The marketing concept is a philosophy that all business activities should be geared toward satisfying customer wants and needs while achieving company goals. Commitments, which are statements, promises or policies, play a vital part in the marketing process. They imprint an identity on a company, defining what it can and cannot do. As companies grow, they may need to redefine their identities by implementing new commitments involving strategy, finance, personnel and operations. An ill-considered commitment during any of these stages can doom a business.

A thriving company requires committed customers, employees and investors. However, too many commitments can make a business rigid and slow to change direction. Commitments can also limit a company’s ability to pursue opportunities and prevent it from competing effectively. For example, a CEO’s promise to dominate a market might discourage other competitors from entering the same field. Likewise, a commitment to a particular manufacturing technology might preclude the use of other methods.
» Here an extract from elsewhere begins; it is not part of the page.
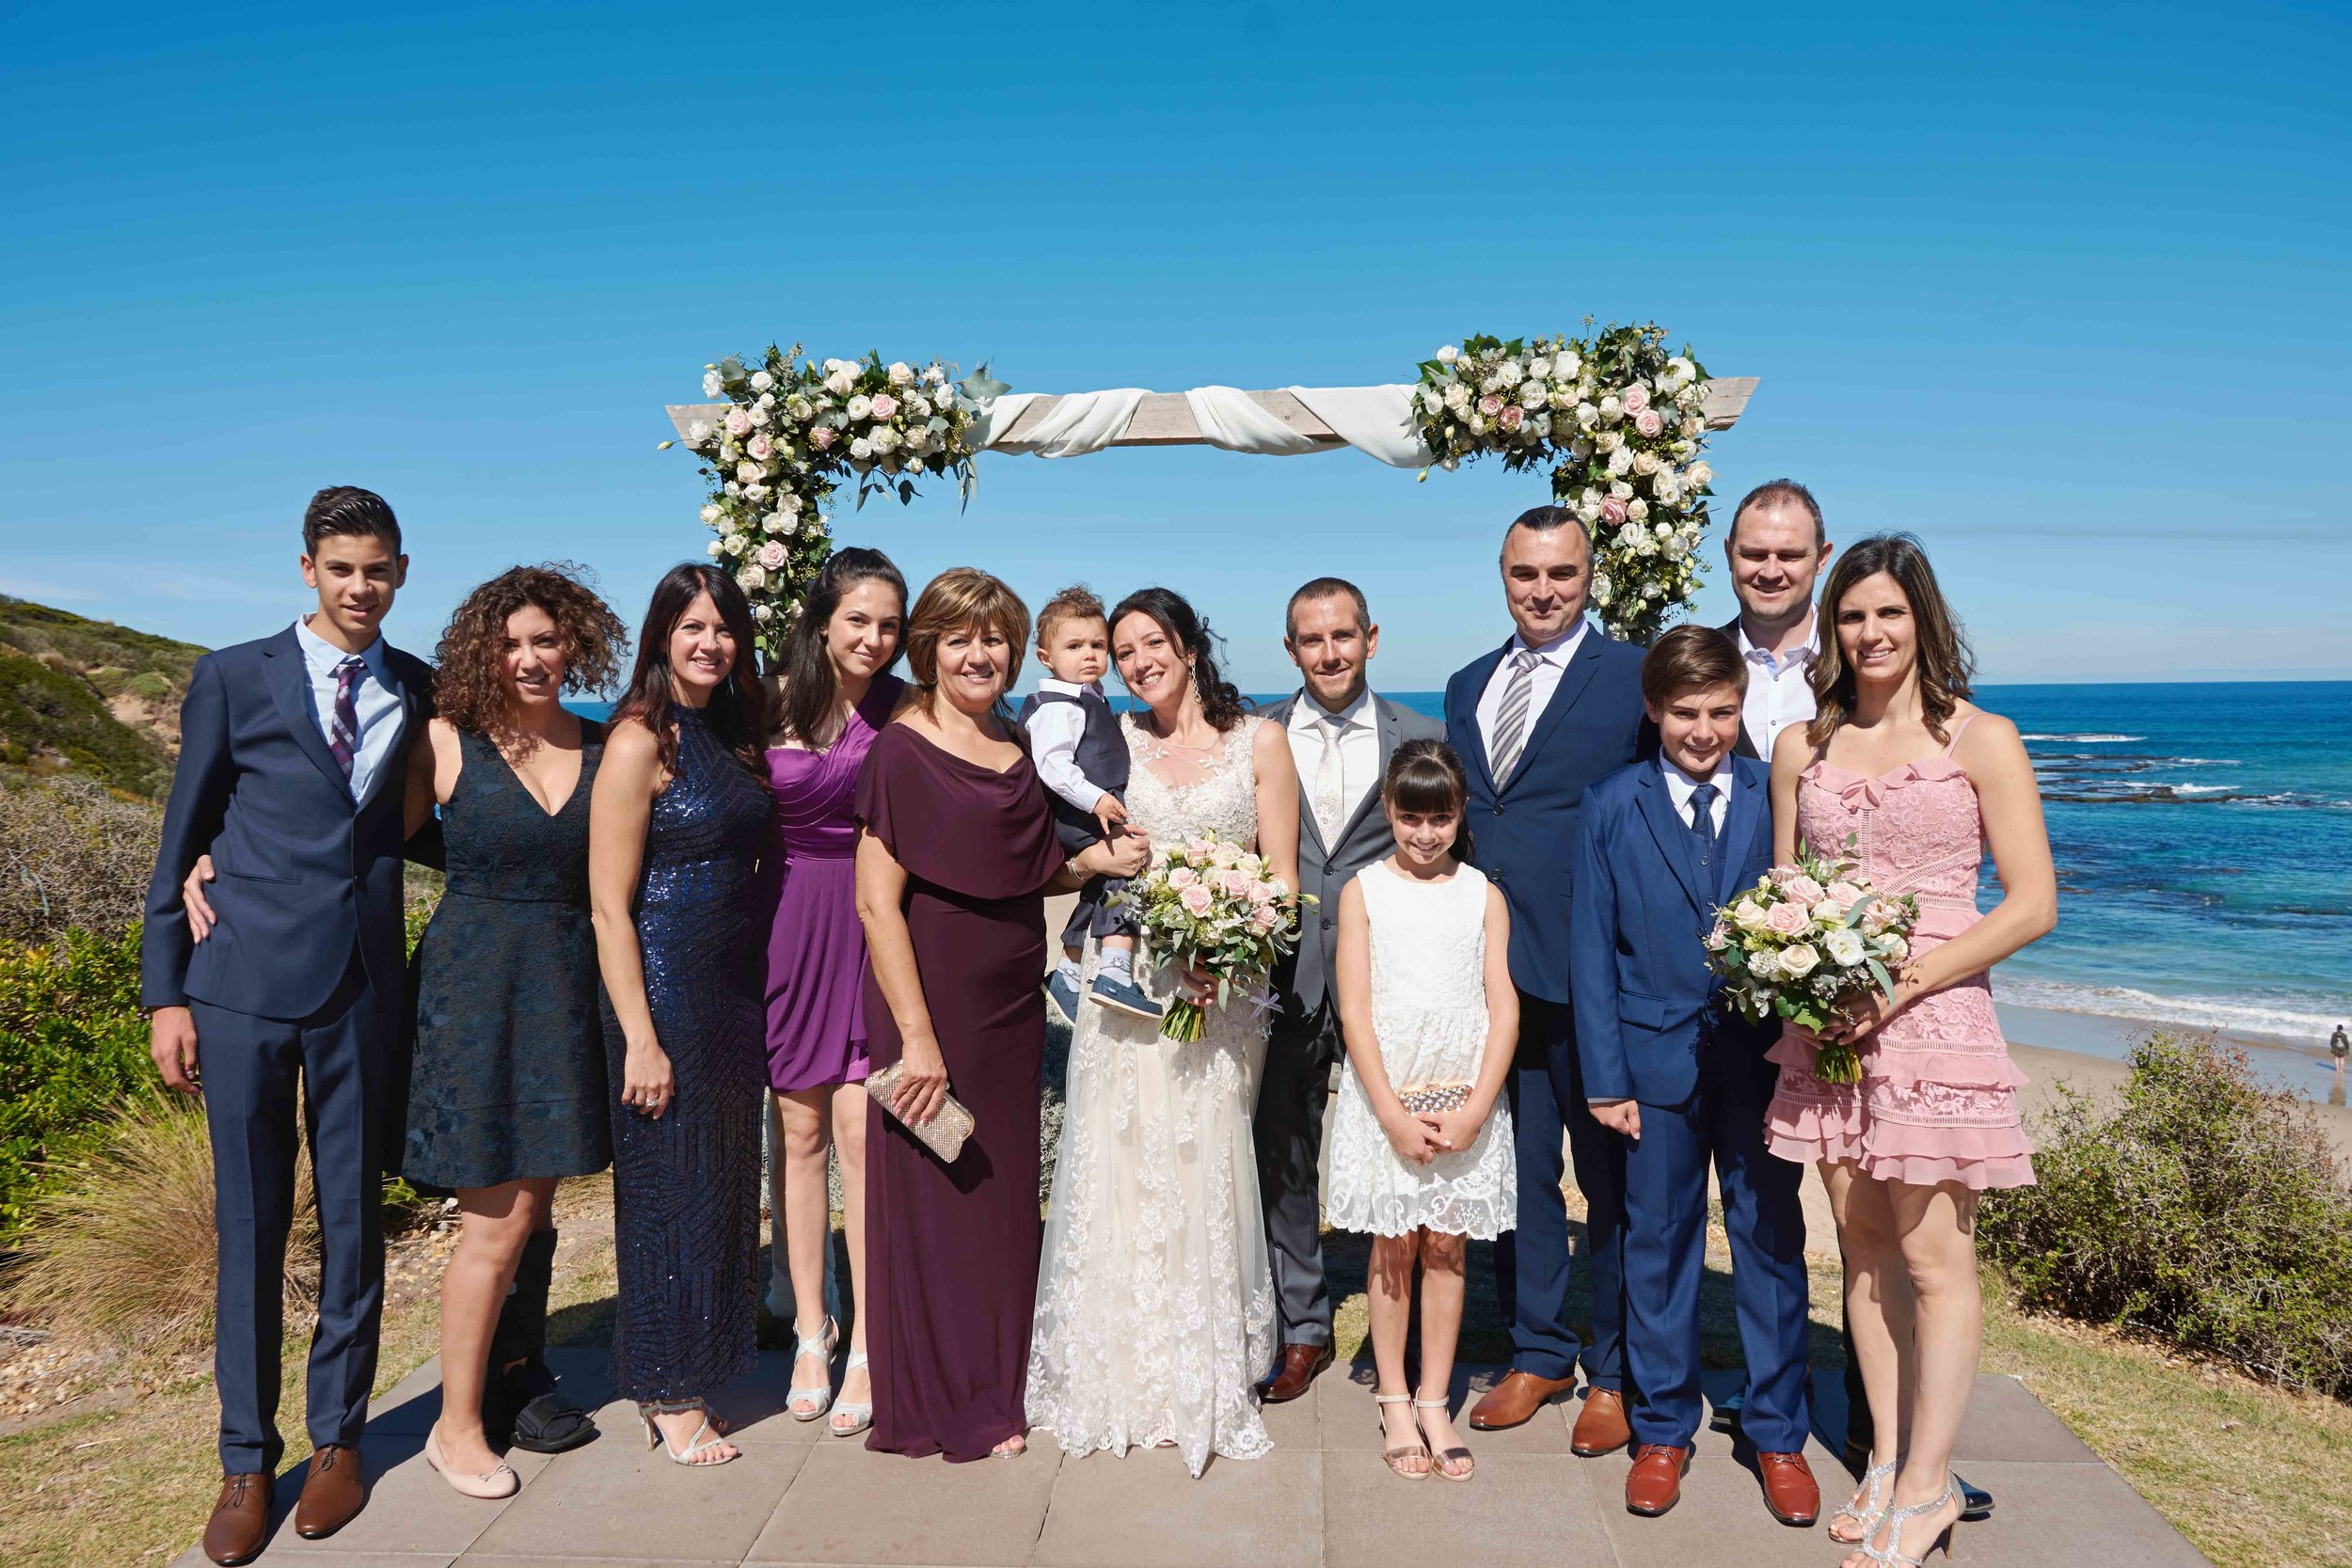 sorrento-wedding-photography-all-smiles-marissa-jade-photography-62.jpg

In contrast, affective commitment evokes a sense of loyalty and brand advocacy. This type of commitment is important to build for small businesses that rely on repeat customers, such as restaurants and hotels. Affective commitment also helps companies develop strong referral networks and creates loyal advocates, which are a key source of new business.

Achieving a high level of affective commitment can be difficult, but there are several steps a company can take to boost customer satisfaction and create brand advocates. The first step is to define a unique value proposition that separates a product from its competitors. Then, the company must communicate its value proposition through all channels. Next, it must offer a consistent experience to customers, including training its employees and establishing a company culture that reinforces the value proposition.